#### [EXERCISE REQUIREMENTS]
Please copy out the full listing that follows exactly; no picture belongs in the copy.

#### [DATA EXTRACT]
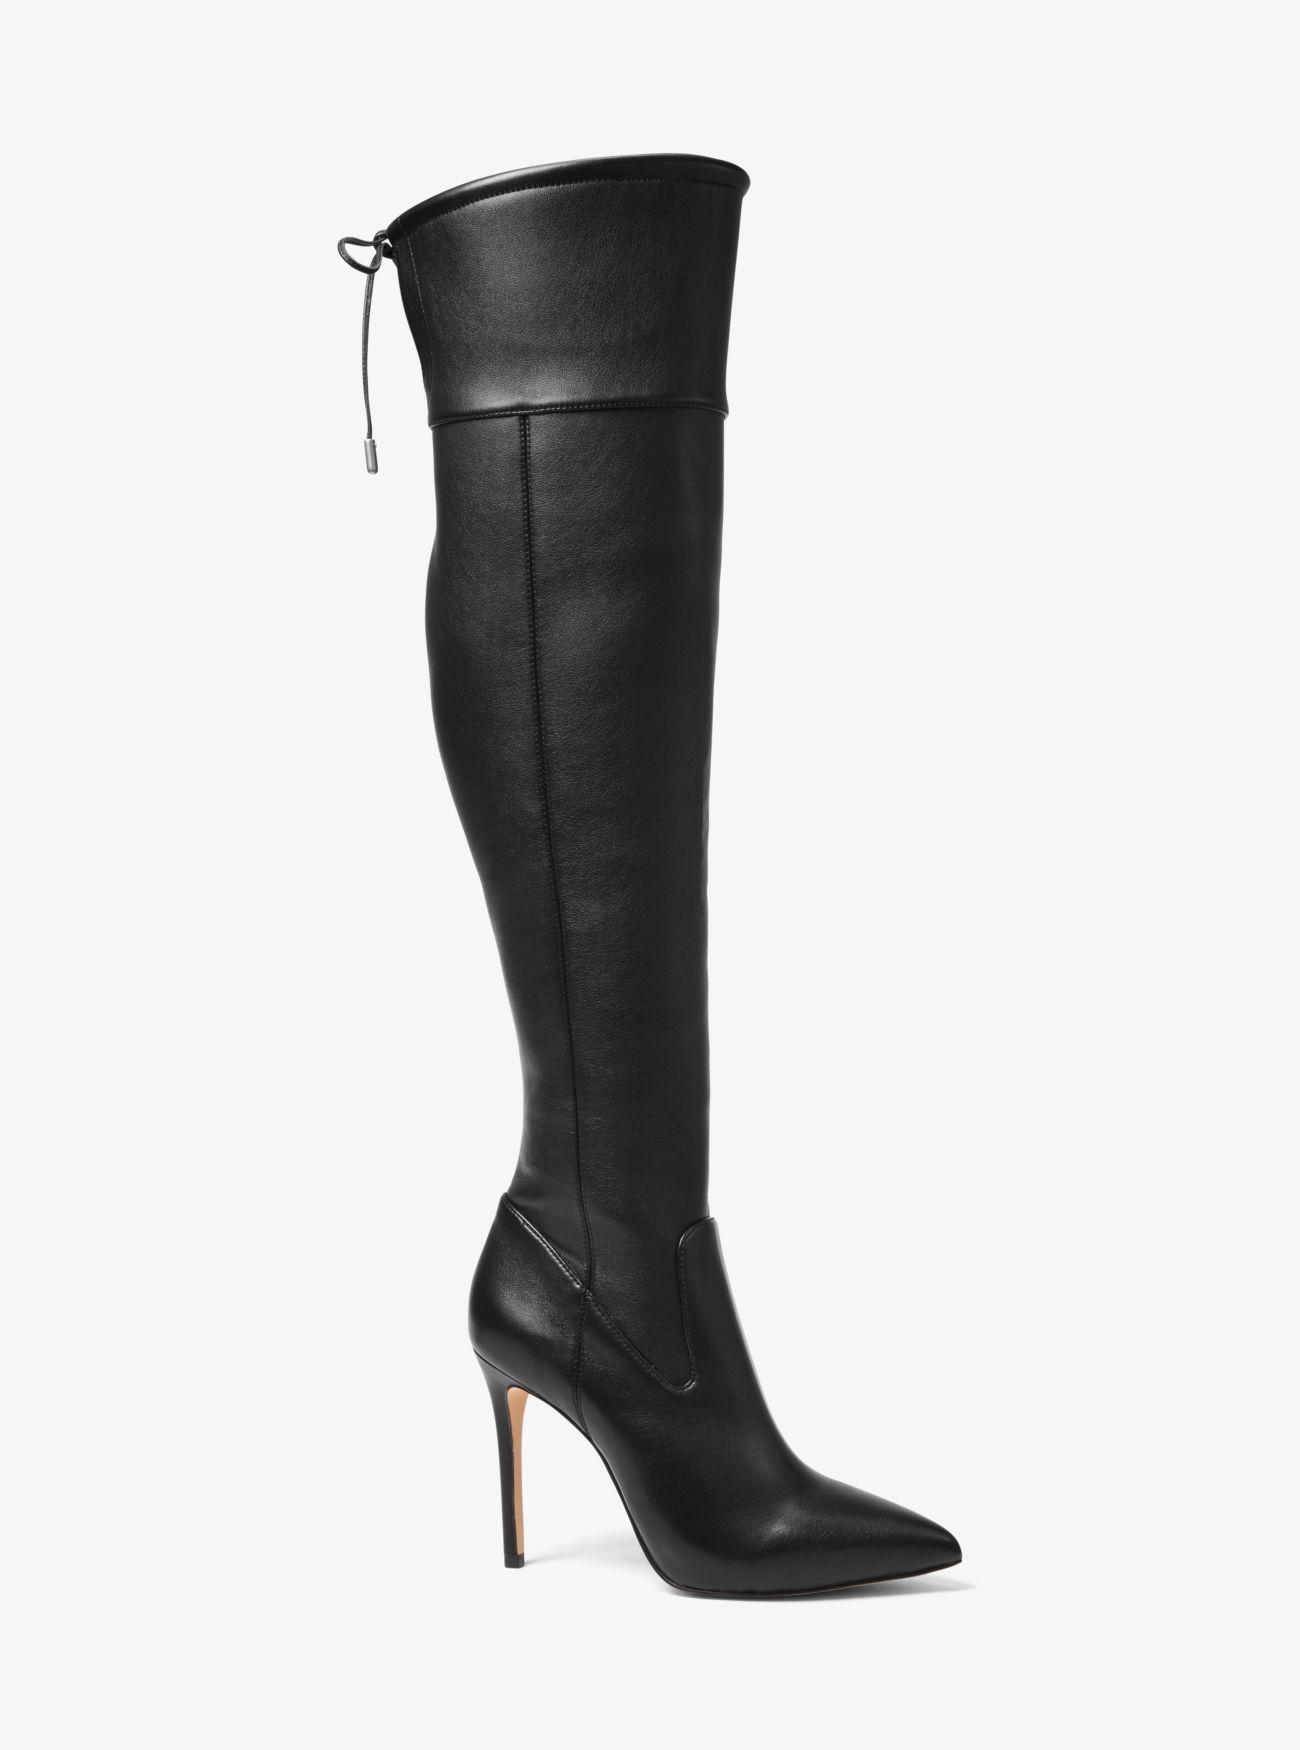 8dc19fd4163 Lyst - MICHAEL Michael Kors Jamie Stretch Over-the-knee Stiletto ...
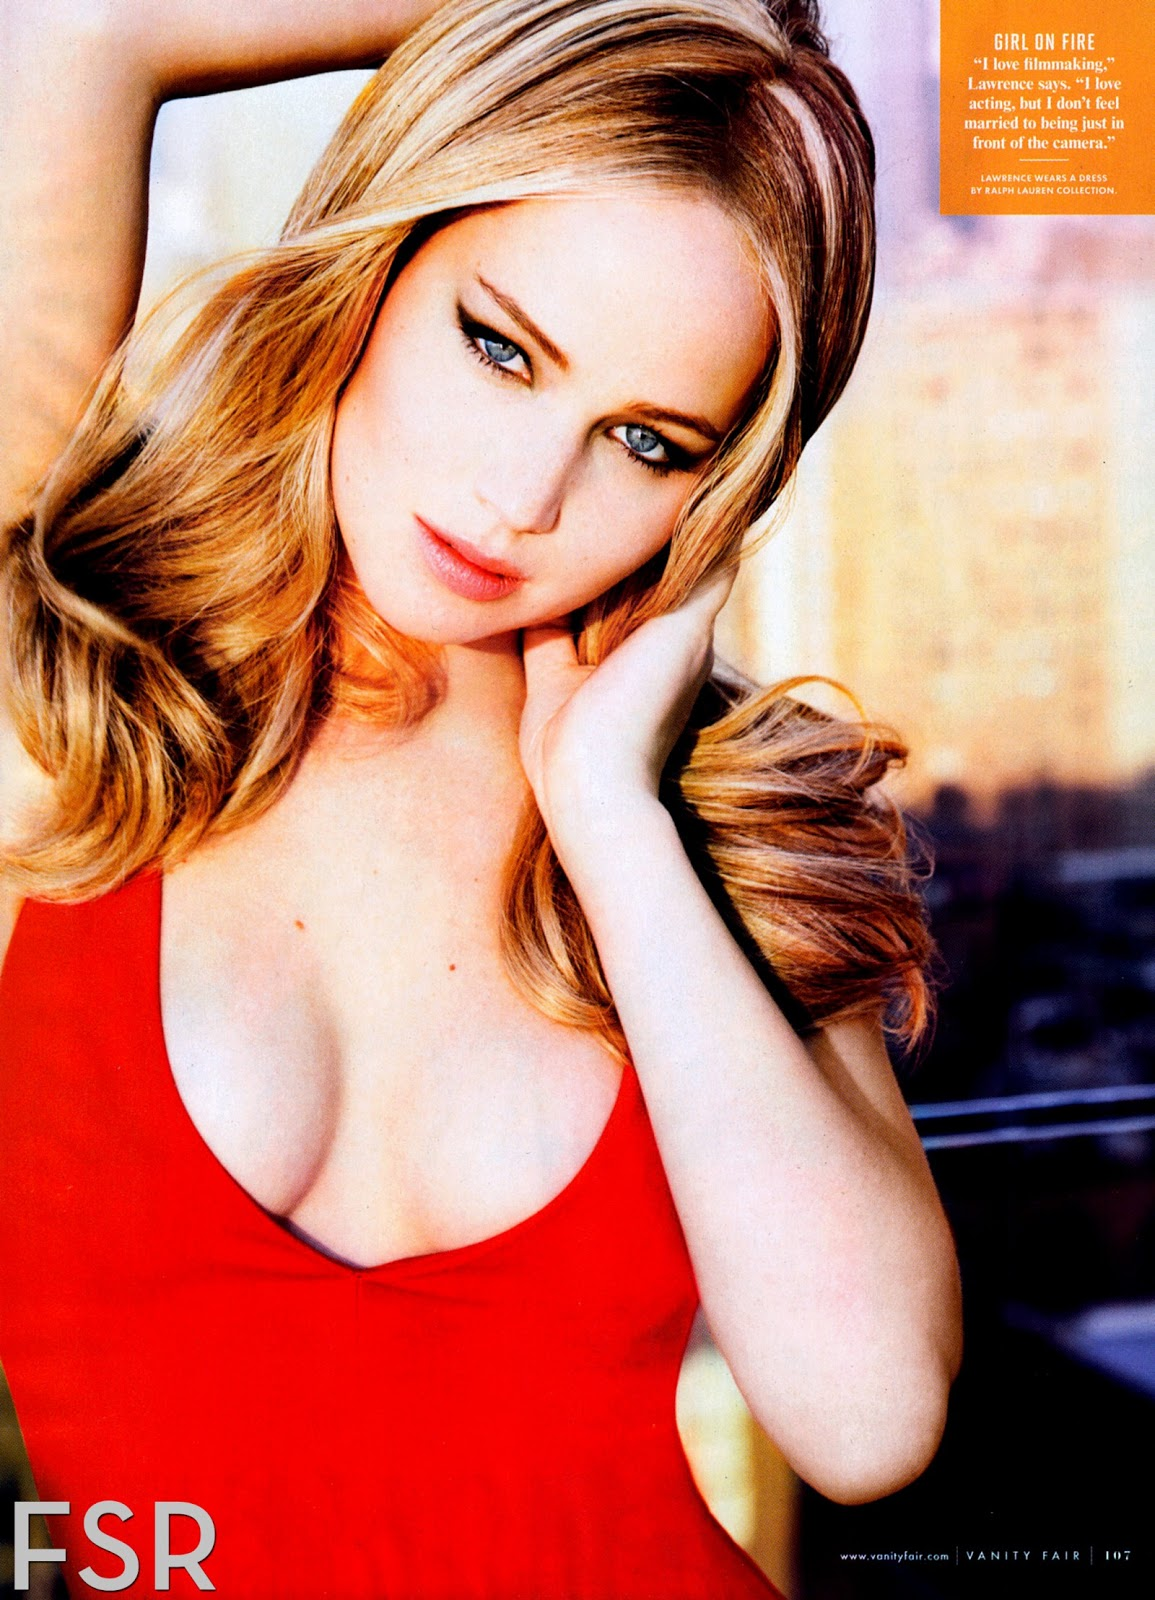 http://3.bp.blogspot.com/-kAD6vo-tqxc/UOQG76khiUI/AAAAAAABmlY/uhuoBwSVoTU/s1600/Jennifer-Lawrence-5.jpg
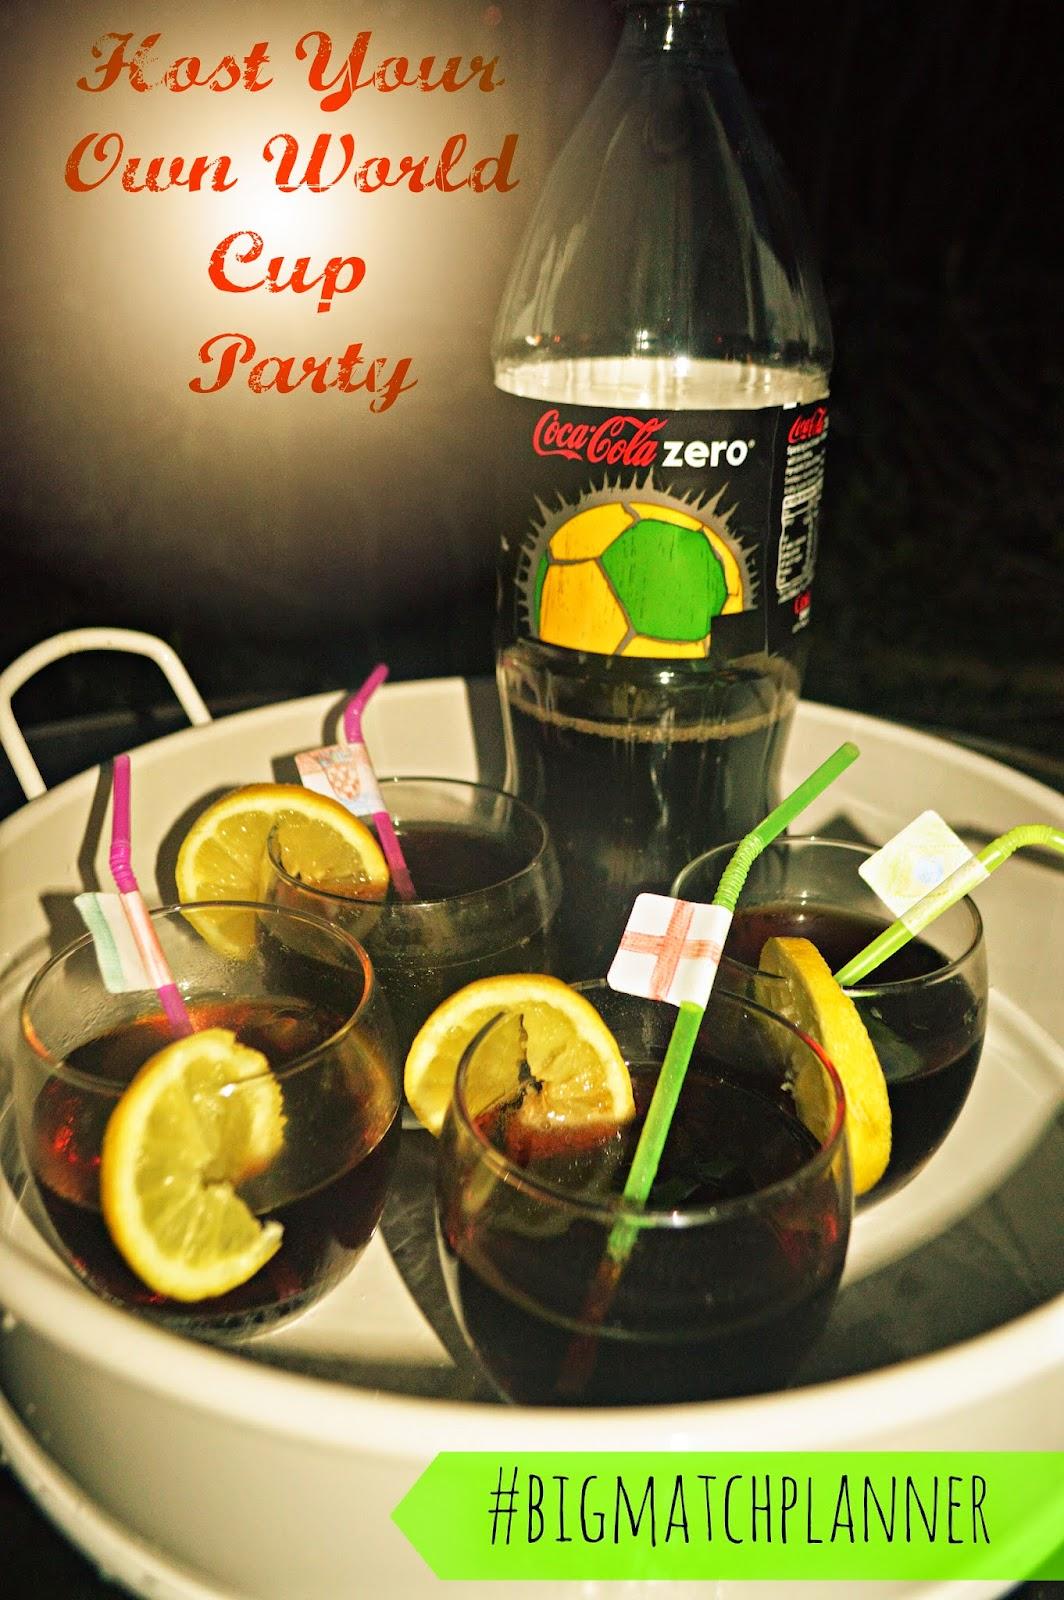 Big Match Planner Party Coca Cola Zero Refreshments CBIAS FIFA World Cup Brazil 2014 #bigmatchplanner #cbias

#### [EXERCISE OUTPUT]
 8dc19fd4163 Lyst - MICHAEL Michael Kors Jamie Stretch Over-the-knee Stiletto ...
 http://3.bp.blogspot.com/-kAD6vo-tqxc/UOQG76khiUI/AAAAAAABmlY/uhuoBwSVoTU/s1600/Jennifer-Lawrence-5.jpg
 Big Match Planner Party Coca Cola Zero Refreshments CBIAS FIFA World Cup Brazil 2014 #bigmatchplanner #cbias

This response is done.